Wednesday, October 14, 2009

WHO ARE THE TALIBAN, ANYWAY?

The Soviet Union invaded Afghanistan in December 1979, and left in utter defeat in February 1989. It is believed that 1.5 million Afghanistanis were killed. Soviet losses were estimated to be 15,000 killed. It was an extremely brutal war, marked by the largest use of anti-personnel mines since World War Two, and the indiscriminate killing of civilians.


The Soviets were defeated by a combination of mujahideen [a loose confederation of Afghanistani tribes], with massive covert support from the US, Pakistan, China and a number of Arab states. The mujahideen held to no particular ideology prevalent in the west, but rather were united by a desire to repel the invaders, and, generally, adhere to Islam.


The Soviet defeat and withdrawal left a huge power vacuum in its wake. Afghanistan was ruined. Almost immediately the tribal warlords began to contend for power and domination, but nine years of war left the country exhausted. Anarchy prevailed. A small group of tribal leaders formed the Taliban, who were initially perceived by the weary Afghanistanis to be “Robin Hoods.” At first they brought a degree of relative stability, peace, and the rule of law to Afghanistan after they destroyed the last of the warring tribal leaders.
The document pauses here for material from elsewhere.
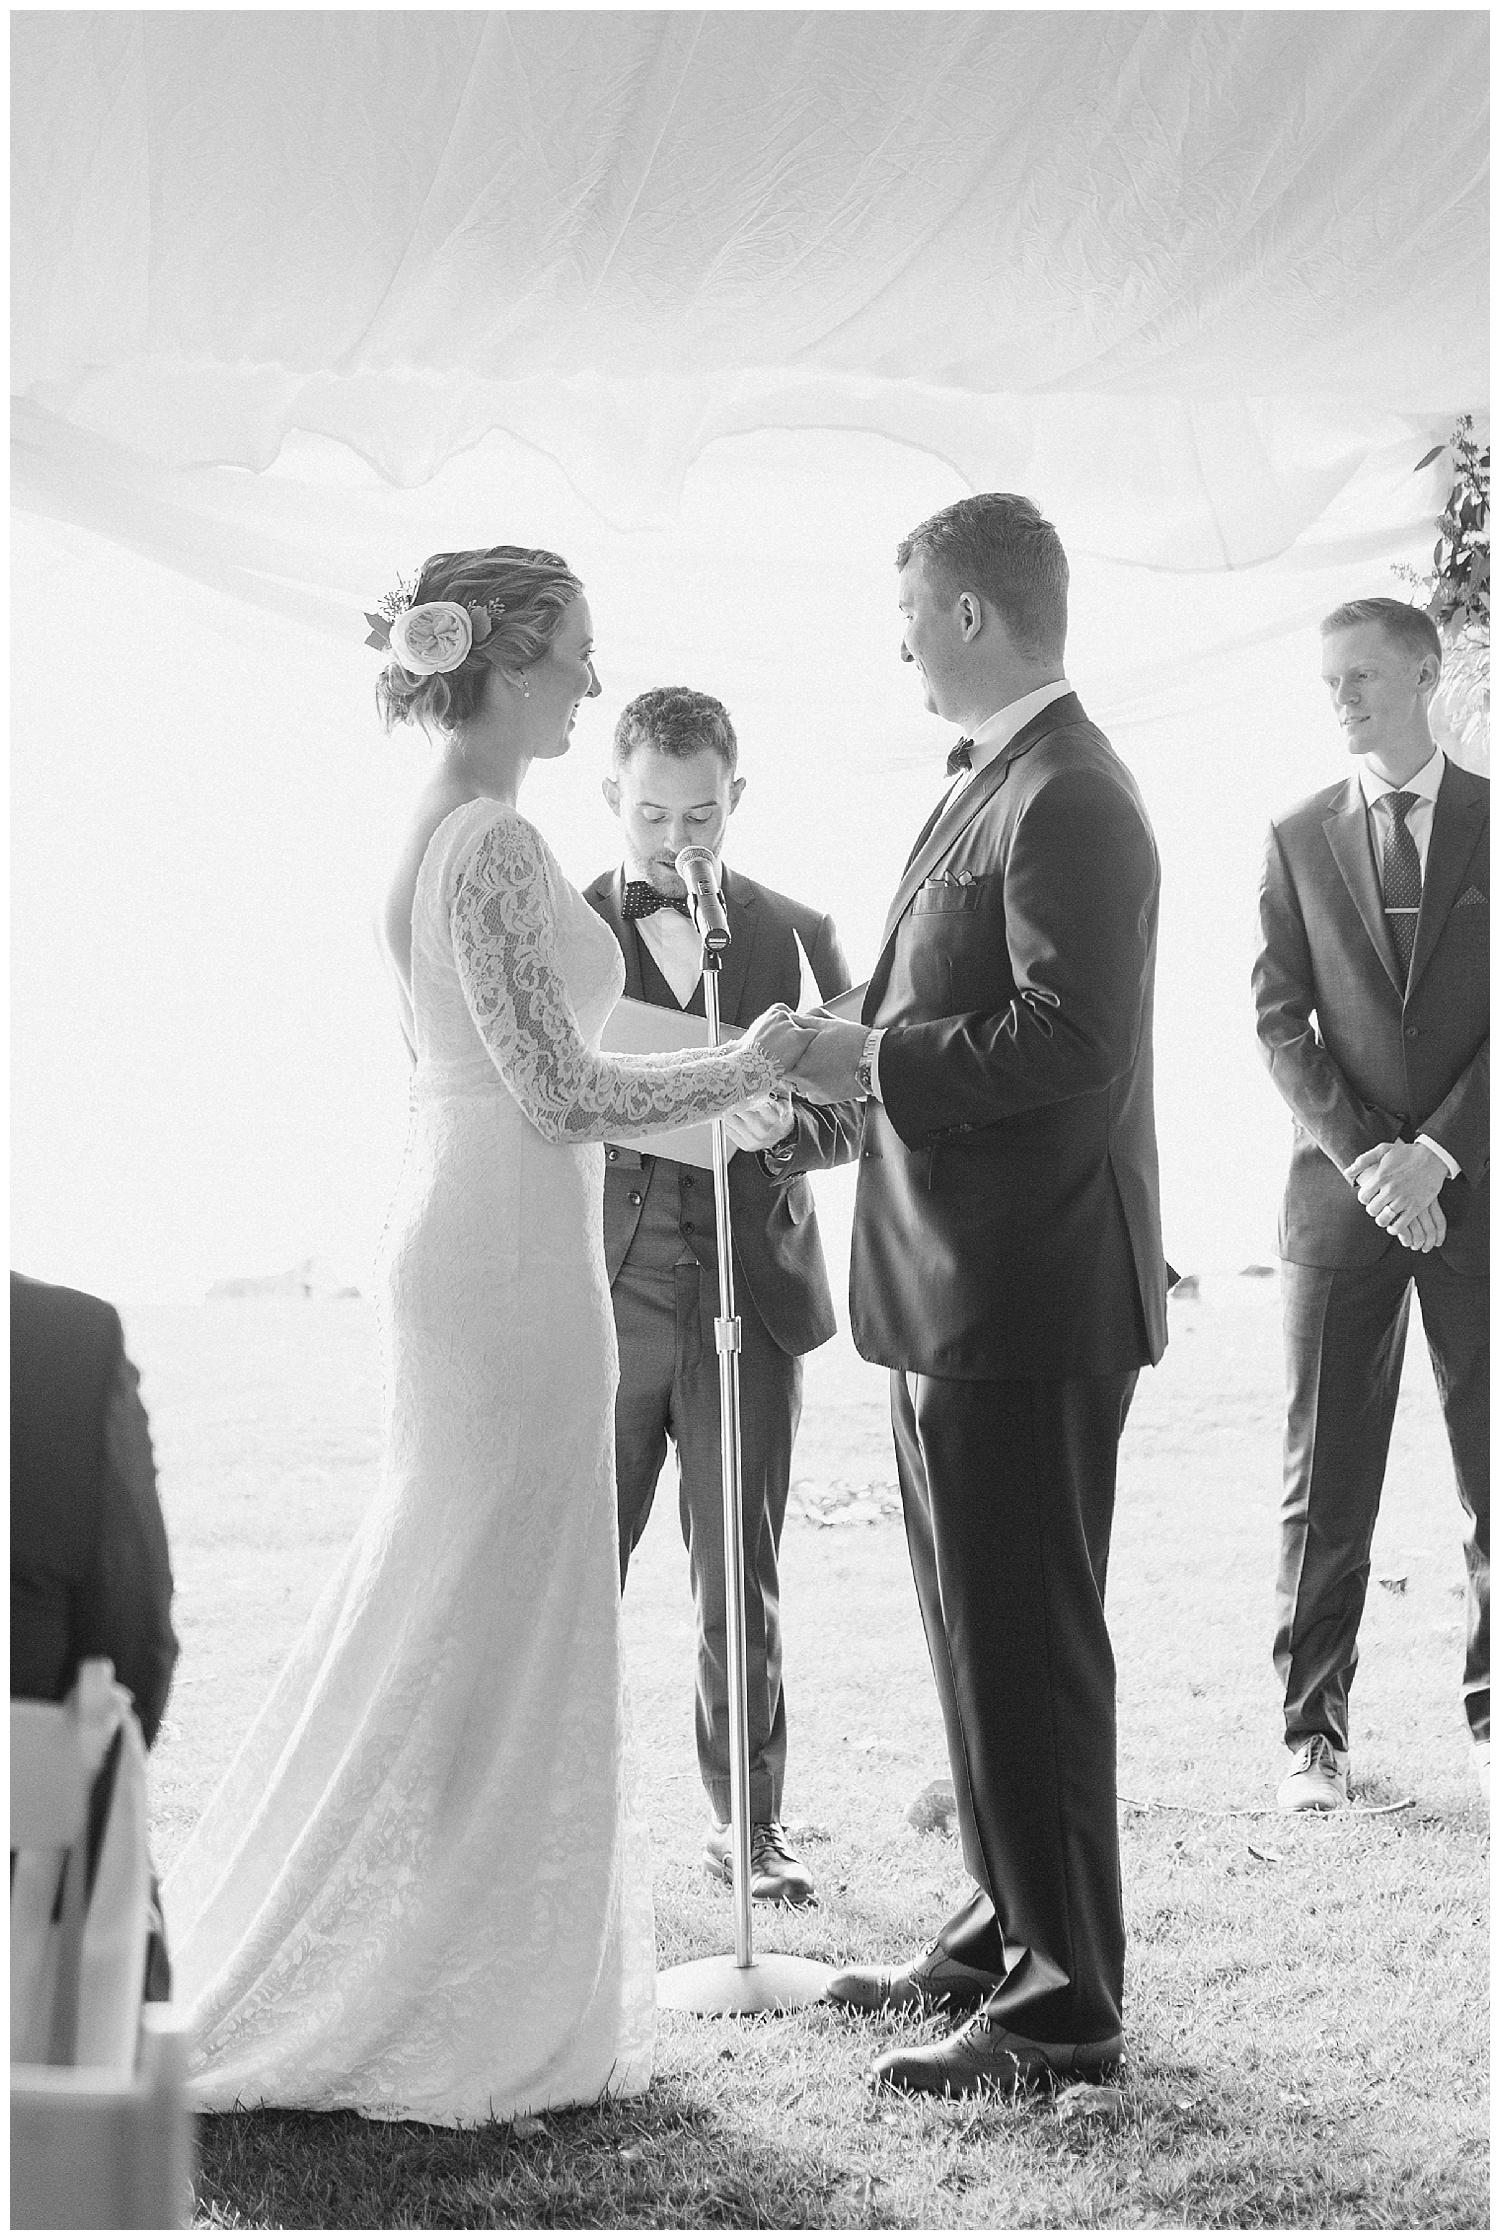 Margaret and Colin - Inns of Aurora - Lass and Beau-1073_Buffalo wedding photography.jpg

Between 1989 and 1994 they emerged as the new rulers of Afghanistan. Afghanistan fell off the radar of the US as we reveled in the collapse of the Soviet Union, the end of the Cold War, and the vaporous feeling of a new world of American hegemony. But, other countries and other people did not share our feelings of the end of almost forty years of Cold War.


Pakistan began to see the Soviet defeat and anarchy in Afghanistan as an opportunity to gain strategic dominance over Afghanistan and a shift in the geopolitical power equation in South Asia. Control over Afghanistan would give the Pakistanis and edge over its historic enemy, India. In the period before and after 1994, Pakistan supported the Taliban in very way possible: training, arms, schools, sanctuary, money, and cover. It fair to say that the Taliban that emerged after 1994 was a creation of Pakistan’s Interservice Intelligence Agency [ISI], known as Pakistan’s “CIA.” Except the ISI is deeply embedded within Pakistan’s army which runs the country. During this time the Prime Minister of Pakistan, Benazir Bhutto, led the army and ISI in its support of the Taliban. 


The Cold War may have ended, but peace was as illusory as ever.